An exact copy is all that is wanted: the lines from the one with "Petrou & Dwyer" through the end of the listing below, both included, minus any pictures.

RECORDED DATA Start Marker

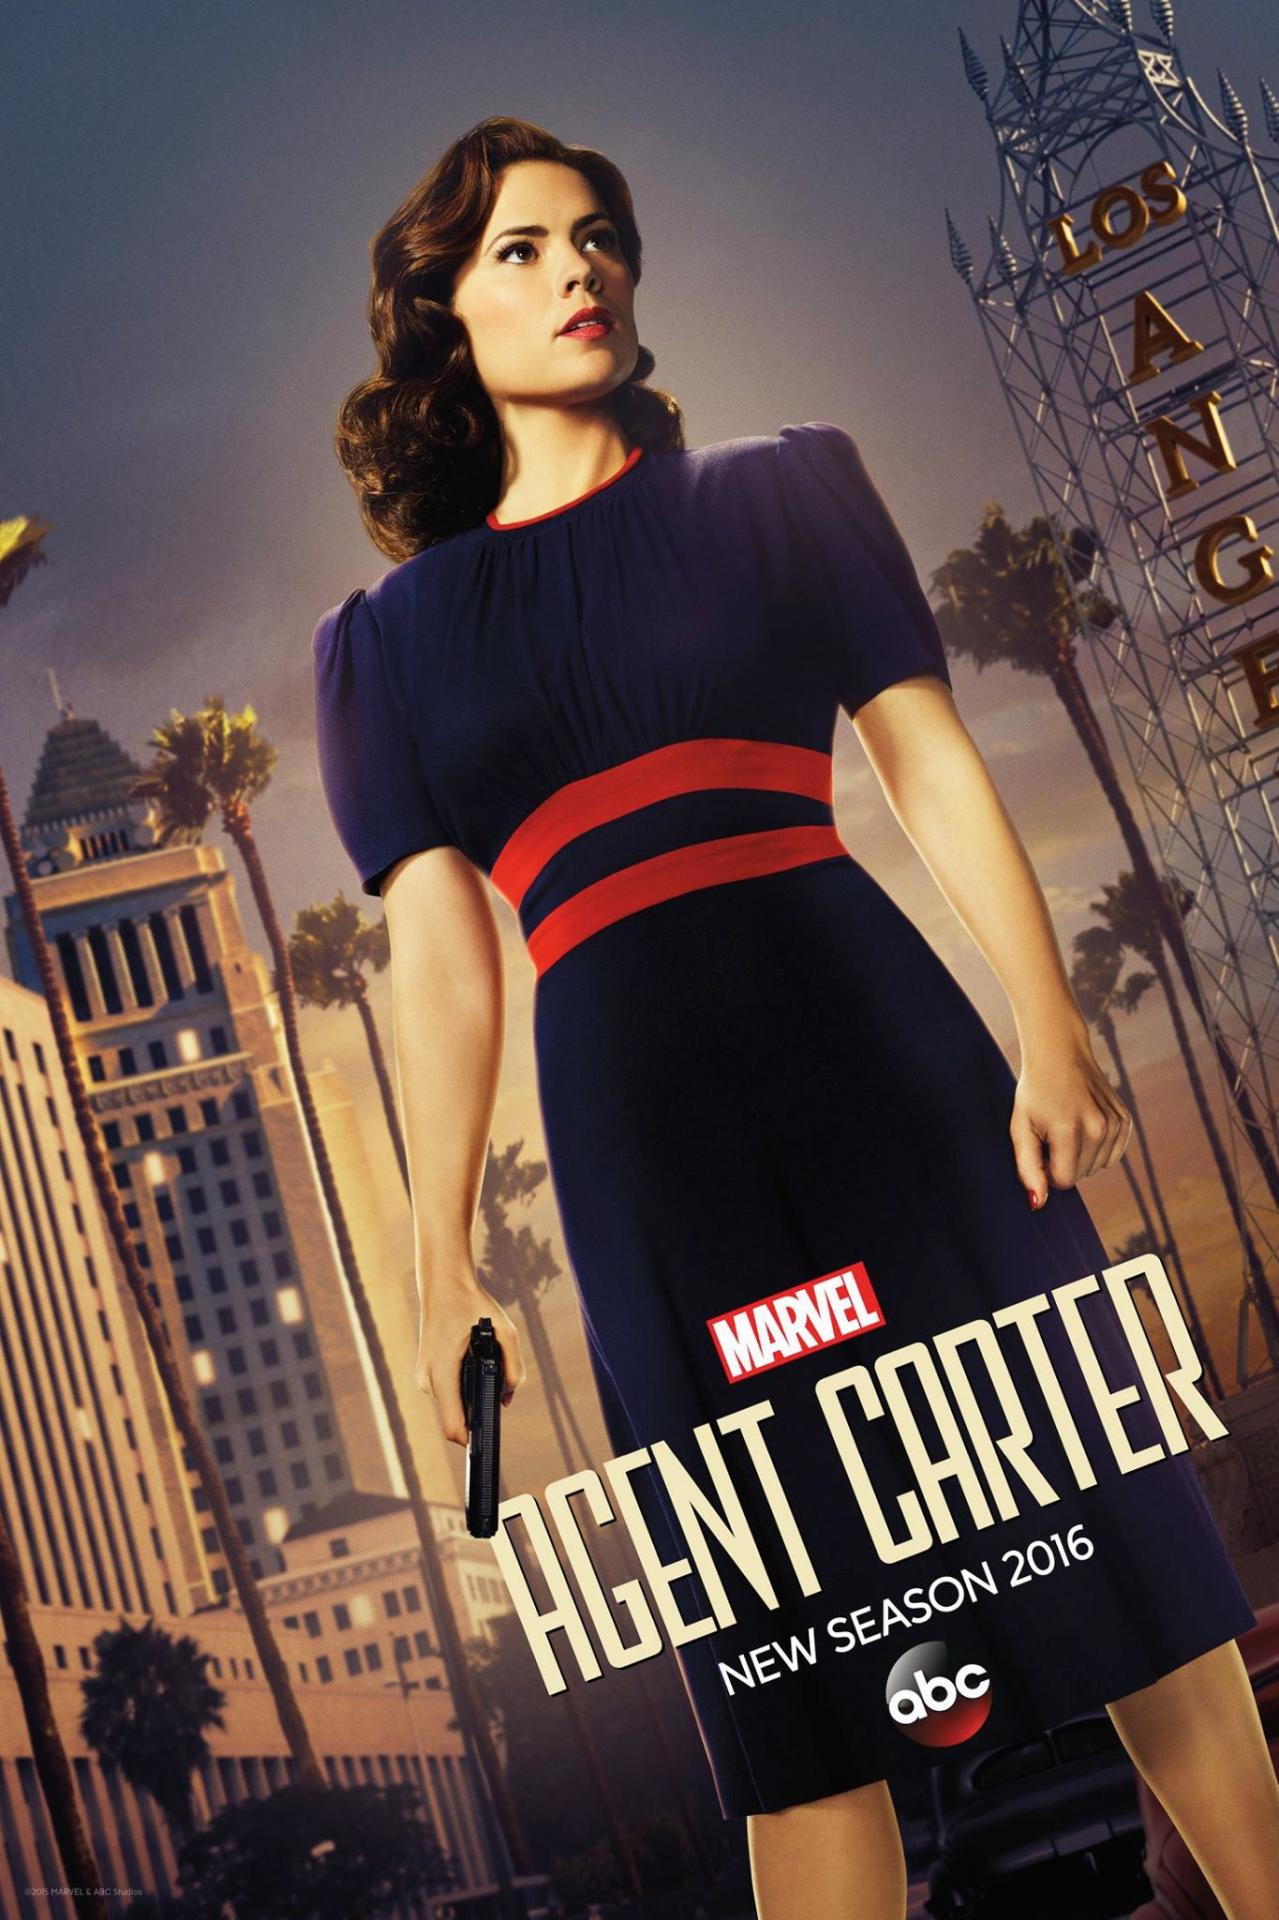 Agentcarter s2 poster
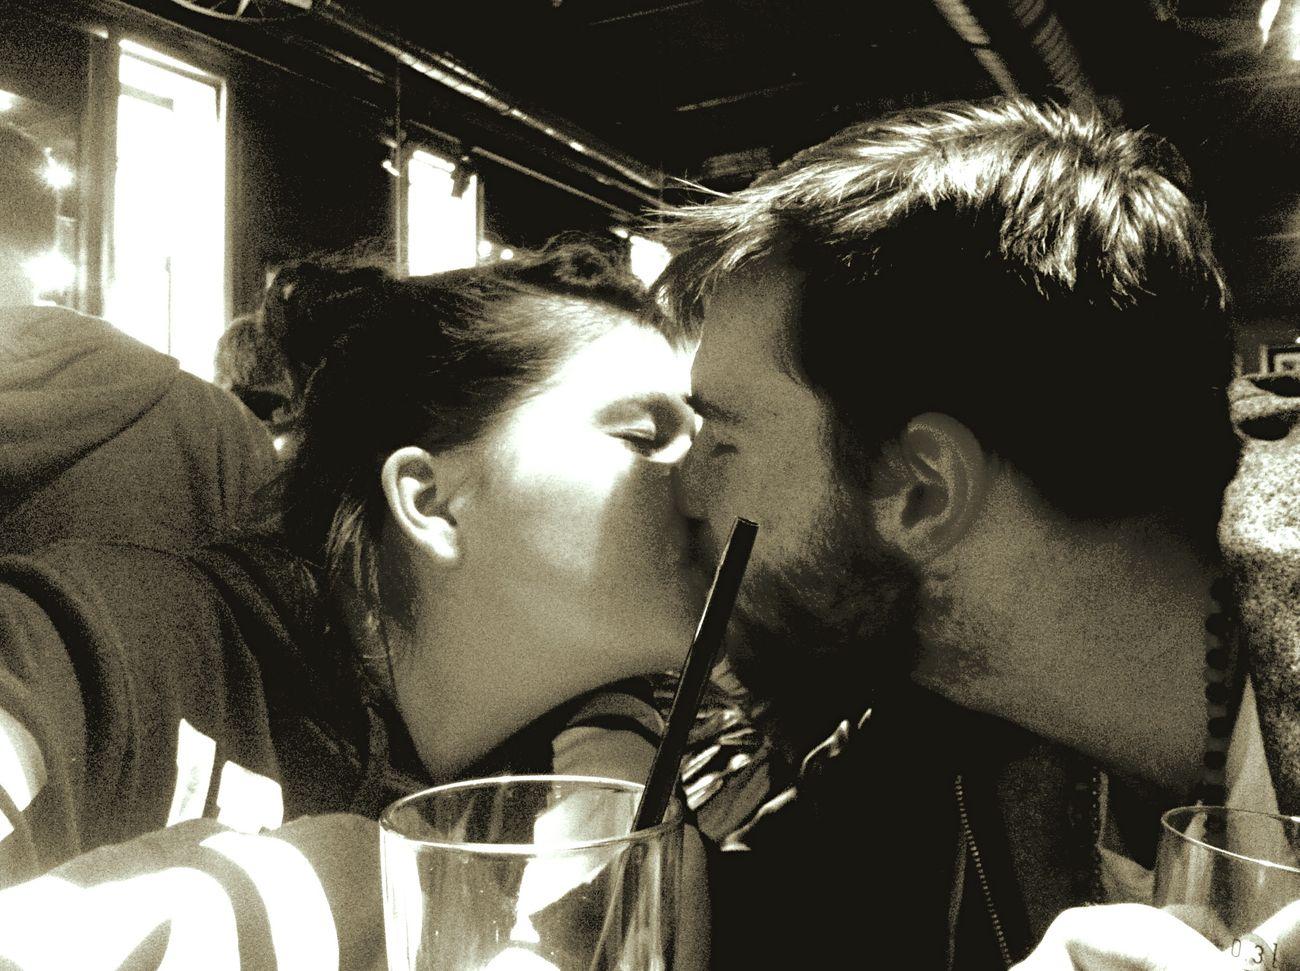 I Love You Love My Boy Love♡ Love My Boy Hardrock Café Köln
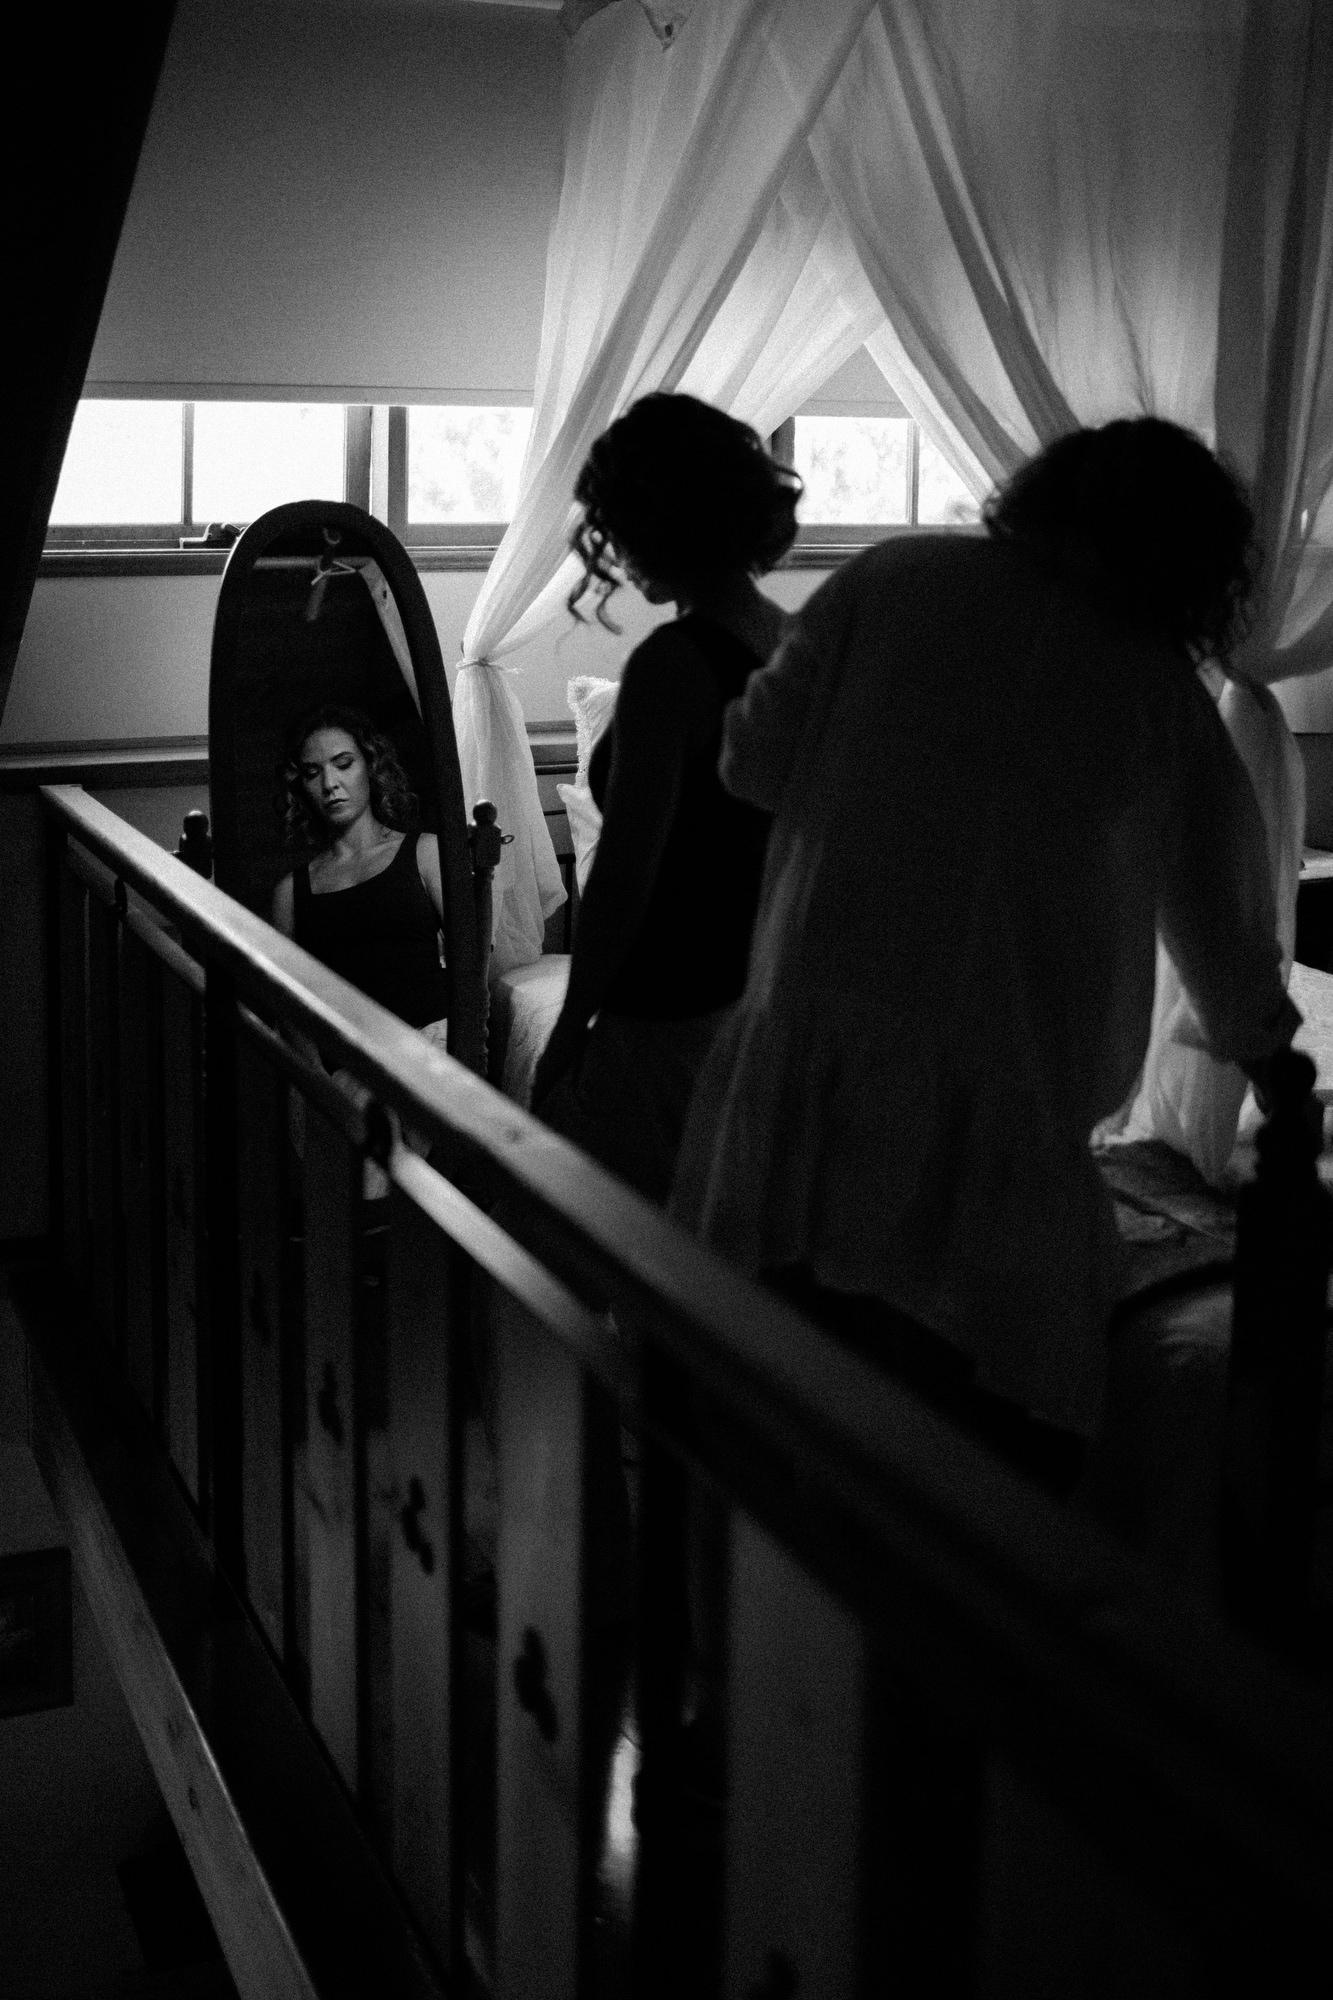 Petrou & Dwyer - CARTER & ROSE PHOTOGRAPHY-26.JPG
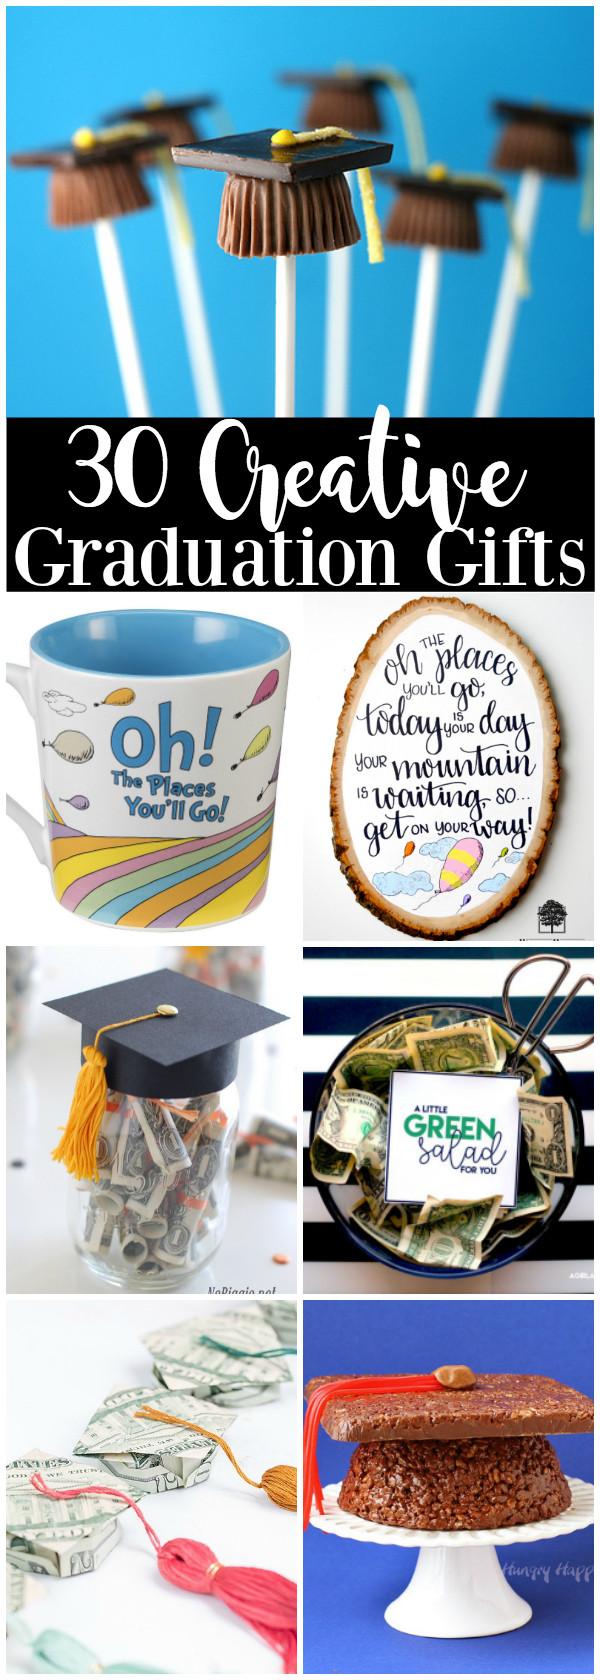 Graduation Gift Ideas Pinterest  30 Creative Graduation Gift Ideas

RECORDED DATA End Marker

> REPLY TO THE TASK
 Petrou & Dwyer - CARTER & ROSE PHOTOGRAPHY-26.JPG
 Graduation Gift Ideas Pinterest  30 Creative Graduation Gift Ideas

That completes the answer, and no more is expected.